Honestly if you want to post example of patient who are dying in waiting rooms post the correct article there is no lack of it the must interesting one is a video of a patient who dying after more than 11 hour of waiting in triage and it show all of the waiting time. But that is a triage failure on a case but here I talk about a procedural failure.
 
And your article is about another problem of emergency wards it's about the patients that have been admitted and got their diagnosis and primary treatment then they are transfered to a service for example orthopedy or surgery but because there is no empty bed in those wards or because they want to keep their beds empty for elective patients they stay in emergency ward .

And that is somehow trivial? It is a procedural issue by definition seeing how it stems from a procedure implemented by hospitals.

At the end of the day the fact speaks for itself: patients are dying in hospitals of the west while waiting for treatment they never receive. It doesn't matter at what level the flaw is situated, when the result is that patients are left to die. This is no better and actually worse than the anecdote you came up with about Iran.

But I suggest you go to imam khomeyni medical complex in Tehran and you see patients who are at emergency wards for more than a week .

And I suggest you pay closer attention to the article because it talks of patients in the USA waiting in emergency departments for several weeks, plural.

Honestly if you want to post example of patient who are dying in waiting rooms post the correct article there is no lack of it the must interesting one is a video of a patient who dying after more than 11 hour of waiting in triage and it show all of the waiting time. But that is a triage failure on a case but here I talk about a procedural failure.

Read the article again. It talks of:

- Hospitals having patients pile up due to a lack of rooms. A structural deficiency of the healthcare system. No excuse for such horrendous mismanagement in the wealthiest country on earth, and one of the most developed ones too.

- 10% of emergency patients leaving without care in the hardest hit hospitals.

- Chronic personnel shortages. Nurses crushed under the weight of a profit-driven staffing crisis. In emergency wards, a single nurse is often asked to cover ten patients including critically ill waiting for an ICU bed.

- Patients with brain bleeds, hip fractures, and even necrotizing genital infections being treated in the waiting room because there are no rooms or even hallway beds available in the emergency department.
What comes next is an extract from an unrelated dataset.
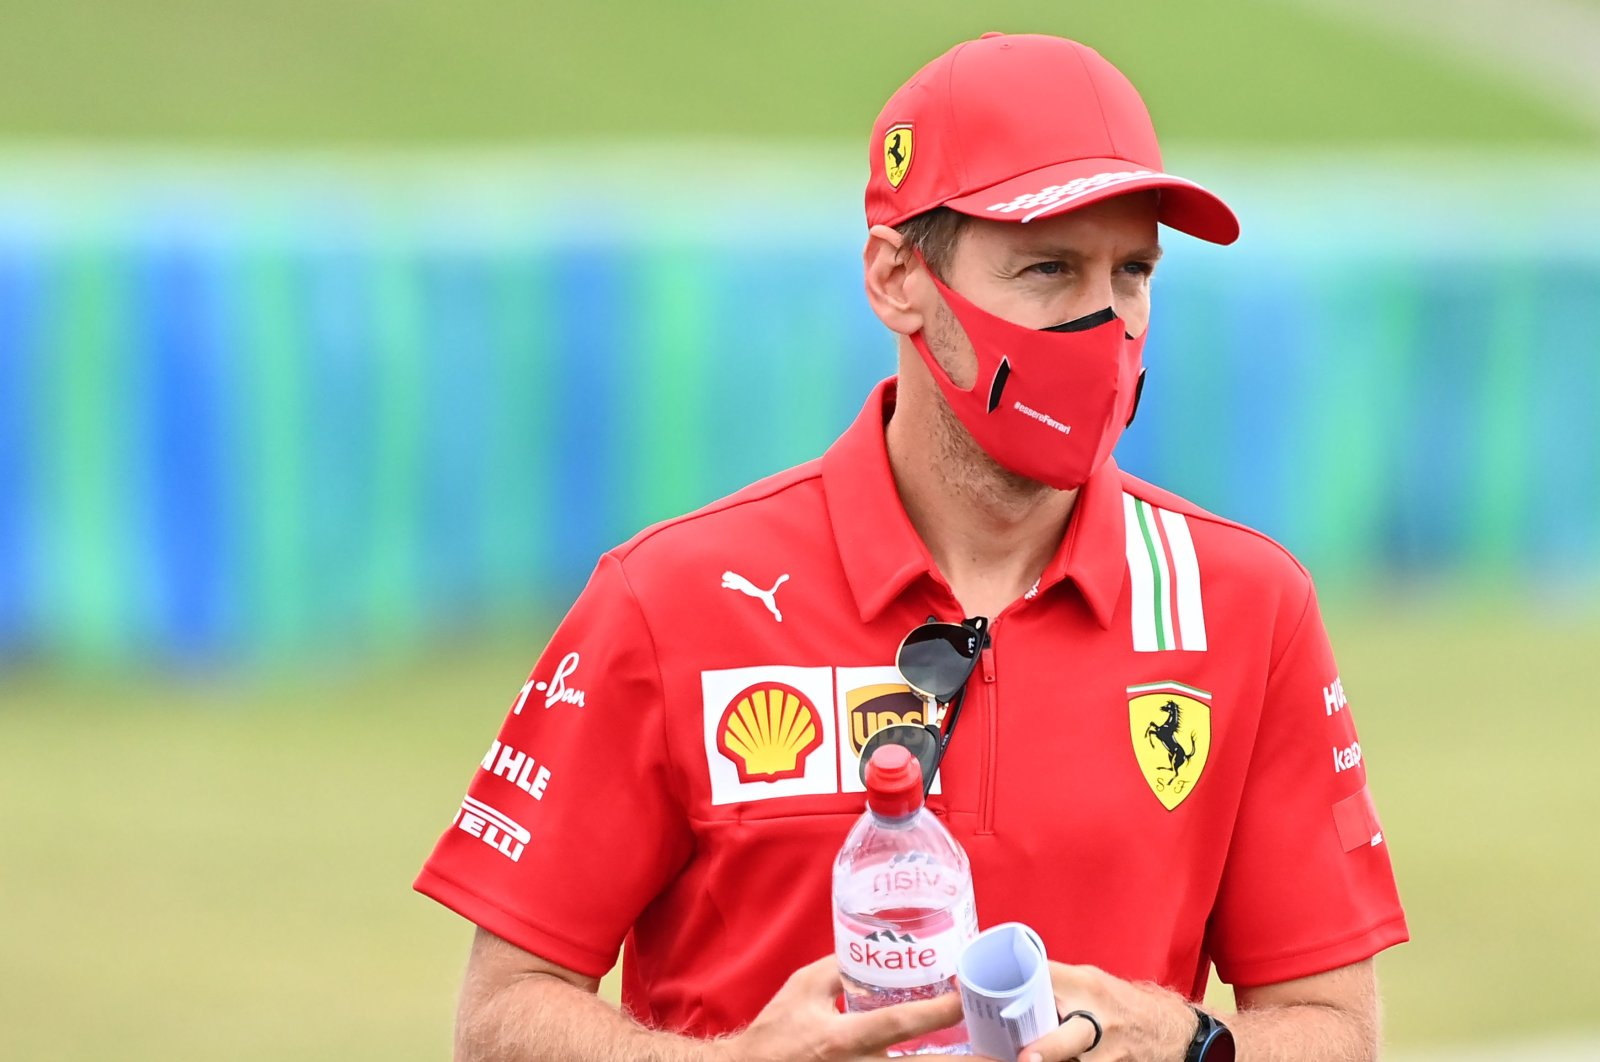 Ferrari's Sebastian Vettel walks along the race track ahead of the F1 Hungarian GP, Budapest, Hungary, July 16, 2020. (AFP Photo)

- Patients dying in the waiting room of the emergency department because they had to wait for hours to see a physician. It says nothing about prior treatment and transfer to other departments, don't make things up. This is all happening inside emergency wards and victims are people who received no medical care at all.

- Hospitals prioritizing beds for surgical patients who bring in more money, and failing to leave a buffer of open rooms available for predictable surges of emergency cases. In other terms, patients dying because privately owned hospitals want to make more profit.

Anyone attempting to minimize or whitewash the atrocity of these conditions is deprived of basic ethical standards.

And now, back to my point: average work intensity in the west is higher than in Iran, this long off-topic deflection about hospital emergency departments notwithstanding.